BIMATA.ID, Makassar – Inflasi Sulsel pada Maret 2022 tercatat mencapai 2,49 persen (yoy). Secara bulanan, inflasi sebesar 0,54 persen (mtm) lebih tinggi dari bulan sebelumnya yang deflasi -0,04 persen.
Deputi Bank Indonesia (BI) Sulsel, Fadjar Majardi mengatakan, secara tahun kalender, inflasi Sulsel tercatat sebesar 1,07 persen.
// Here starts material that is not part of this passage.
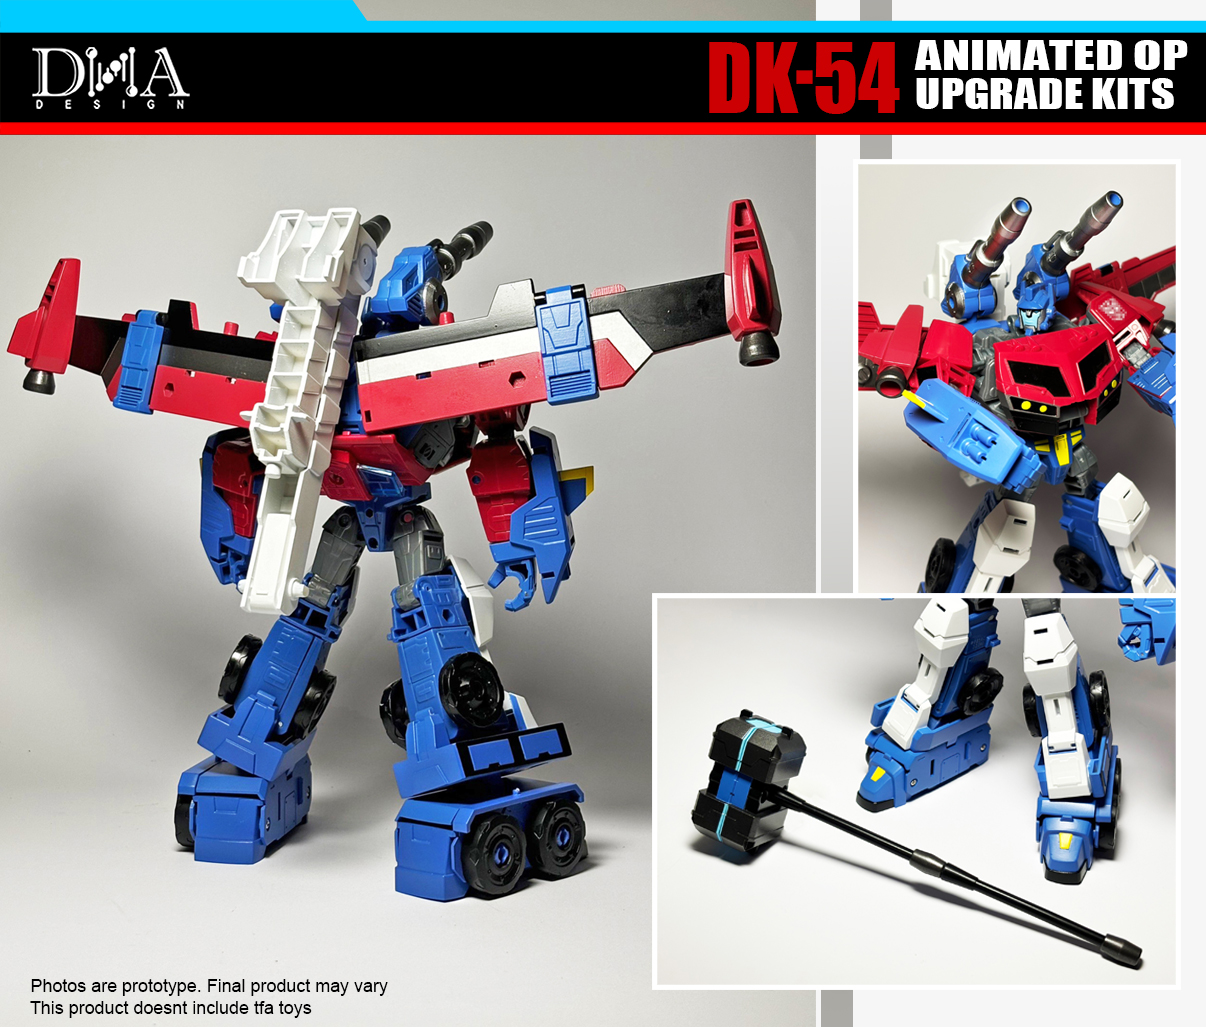 Dna Design Dk 54 Animated Op Upgrade Kits 11

Sementara itu, dari 5 kota IHK (Bulukumba, Makassar, Palopo, Pare-pare, dan Watampone) semuanya inflasi.
“Inflasi bulanan tertinggi dialami oleh Kabupaten Watampone sebesar 1,11 persen (mtm), sedangkan inflasi bulanan terendah dialami oleh Kota Palopo yaitu sebesar 0,45 persen,” kata Fadjar dalam keterangan resmi, Minggu (3/4/2022).
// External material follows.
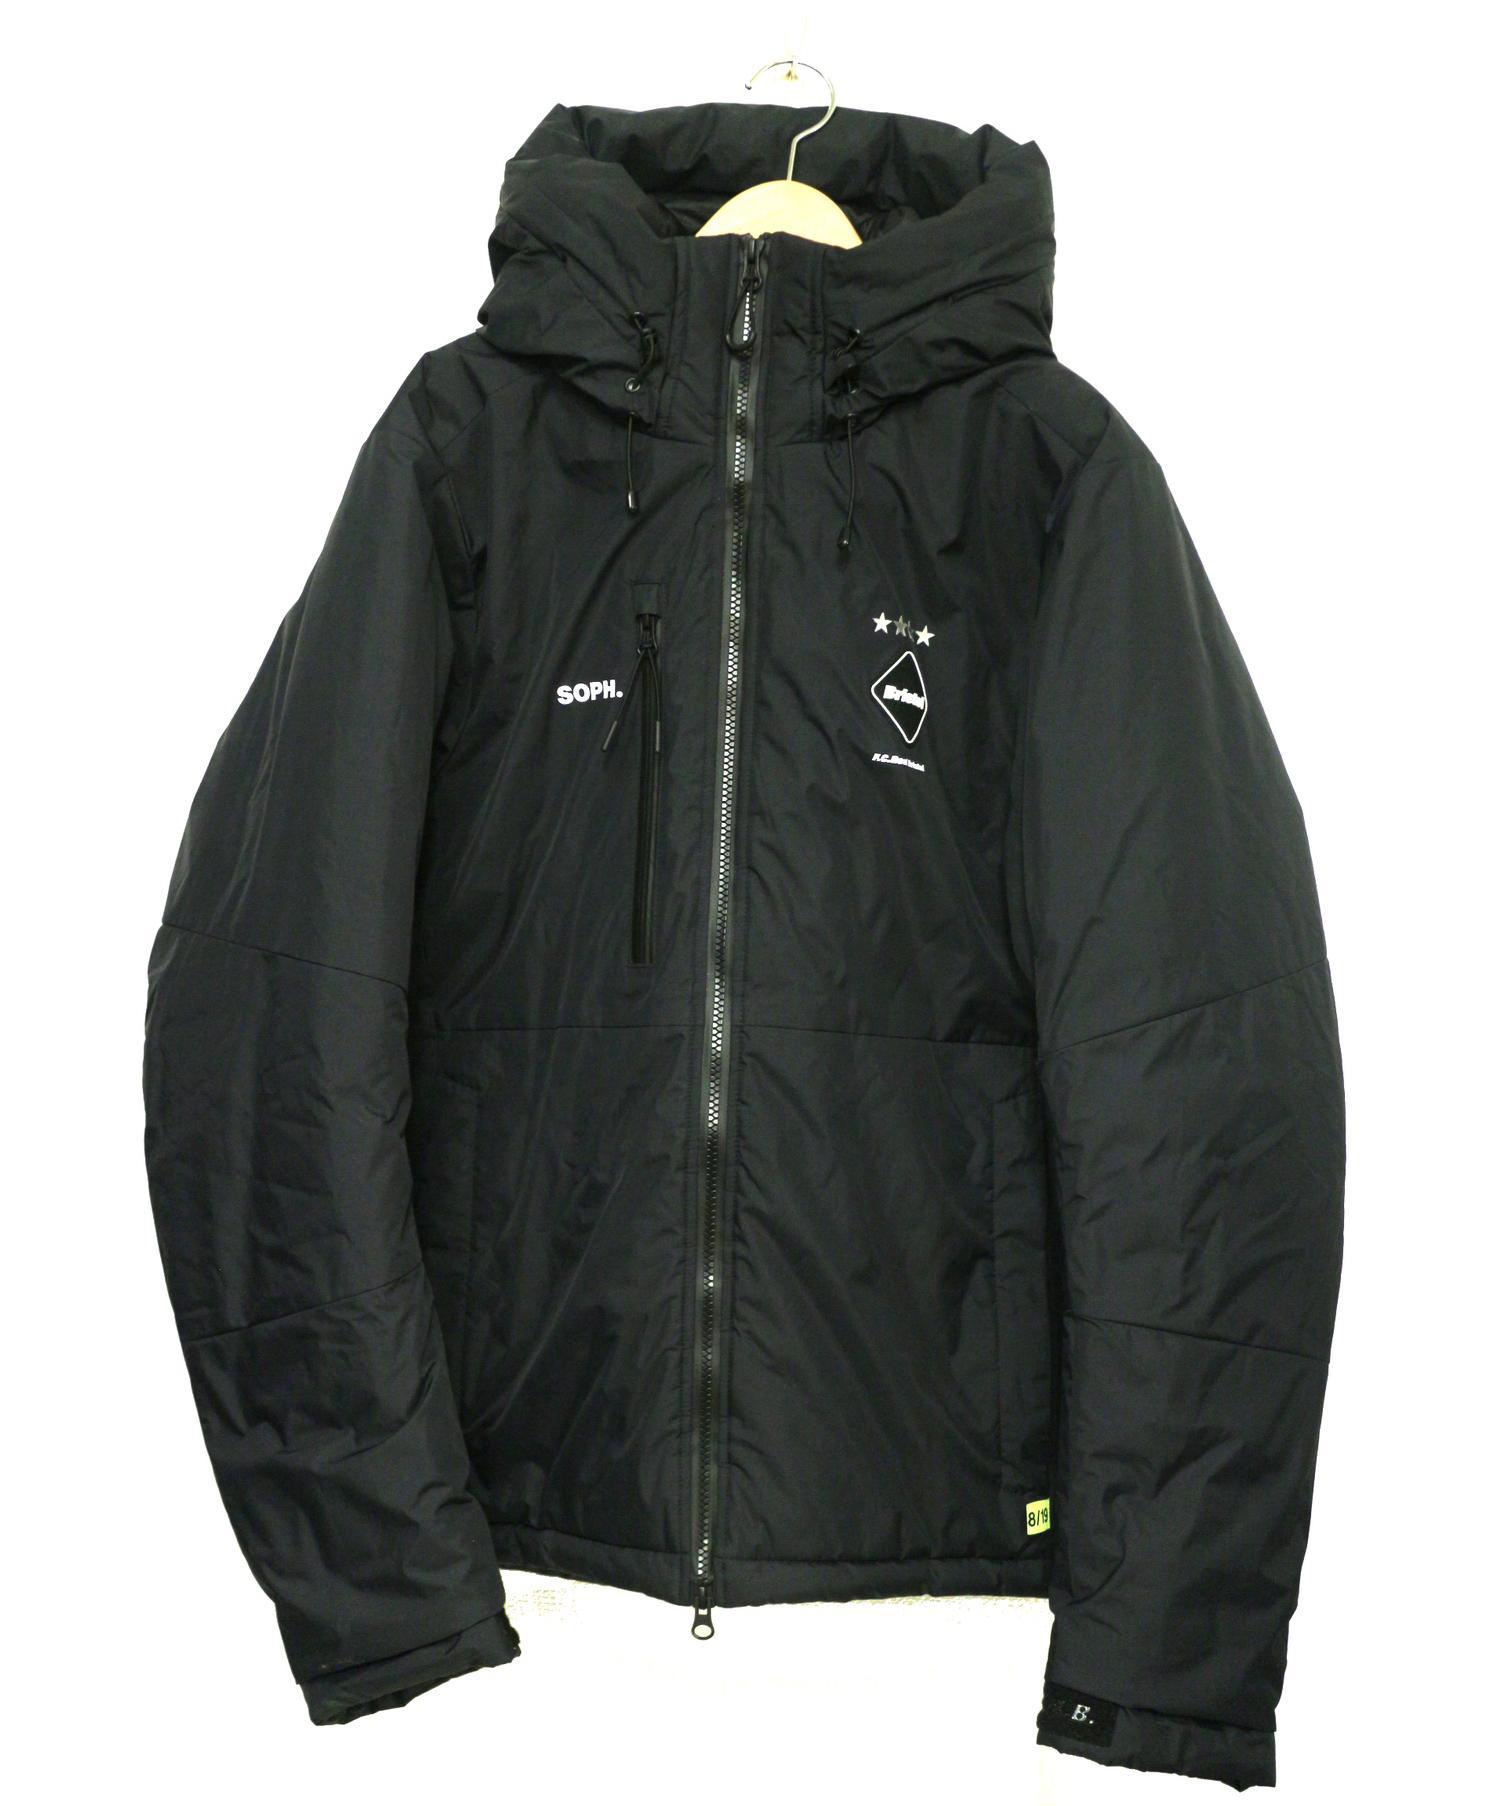 通販限定商品 F.C.Real Bristol FCRB PDK jacket 黒Sサイズ - unleadedwriting.com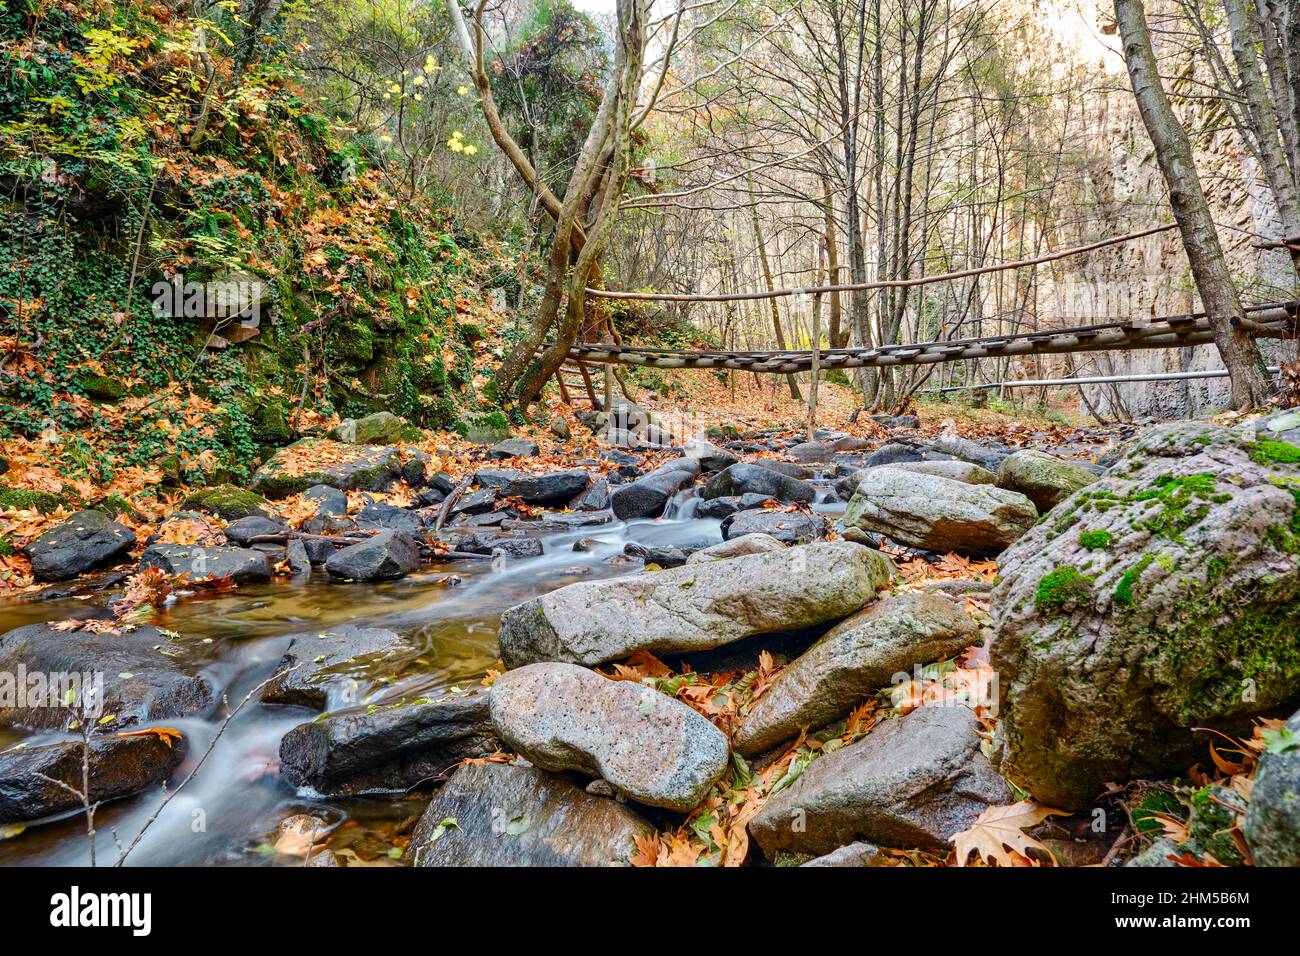 Ponte sospeso da foto a lunga esposizione, foto a ponte ad angolo basso e flusso d'acqua intorno alle pietre. Foto Stock

Fadjar mengatakan, inflasi bulanan di Sulsel utamanya disumbang oleh kelompok makanan, minuman, dan tembakau, perawatan pribadi dan jasa lainnya, dan perlengkapan, peralatan, dan pemeliharaan rutin rumah tangga dengan inflasi masing-masing sebesar 1,10 persen, 0,86 persen, dan 0,77 persen (mtm).
Inflasi kelompok makanan, minuman, dan tembakau memiliki andil sebesar 0,33 persen yang utamanya dipengaruhi oleh naiknya harga cabai rawit, bawang merah, dan cabai merah.
“Hal ini dipengaruhi pula oleh berkurangnya pasokan cabai rawit dan cabai merah. Di sisi lain, inflasi kelompok makanan yang lebih tinggi tertahan oleh turunnya harga ikan kembung, ikan teri, ikan cakalang, ikan merah, dan kol putih,” katanya.
Sementara, menjelang periode Ramadan dan Idul Fitri, Tim Pengendali Inflasi Daerah (TPID) Sulsel menjaga kestabilan harga-harga komoditas, utamanya bahan pangan strategis. TPID bersinergi menjalankan strategi 4K (Ketersediaan Pasokan, Kelancaran Distribusi, Keterjangkauan Harga, dan Komunikasi Efektif).
Sinergi yang dimaksud termasuk melalui penguatan kerja sama perdagangan antar daerah wilayah Sulampua, pelaksanaan operasi pasar untuk komoditas pangan strategis, pemantauan harga dan stok pasokan bekerjasama dengan Satgas Pangan, dan penyampaian himbauan kepada masyarakat untuk bijak berbelanja khususnya selama periode puasa dan jelang Lebaran.
“Proses pemulihan ekonomi yang terus berlangsung di Sulsel, diprakirakan akan turut memberikan tekanan inflasi. Selain itu, faktor lain yang juga perlu diwaspadai adalah risiko tekanan harga yang berasal dari imported inflation sebagai dampak terganggunya supply chain global akibat kondisi geopolitik di wilayah Eropa. Namun demikian, di tengah situasi konflik Rusia dan Ukraina, harga bahan pangan di Sulsel diprakirakan tetap terkendali seiring upaya pengendalian inflasi oleh TPID Sulsel,” pungkasnya.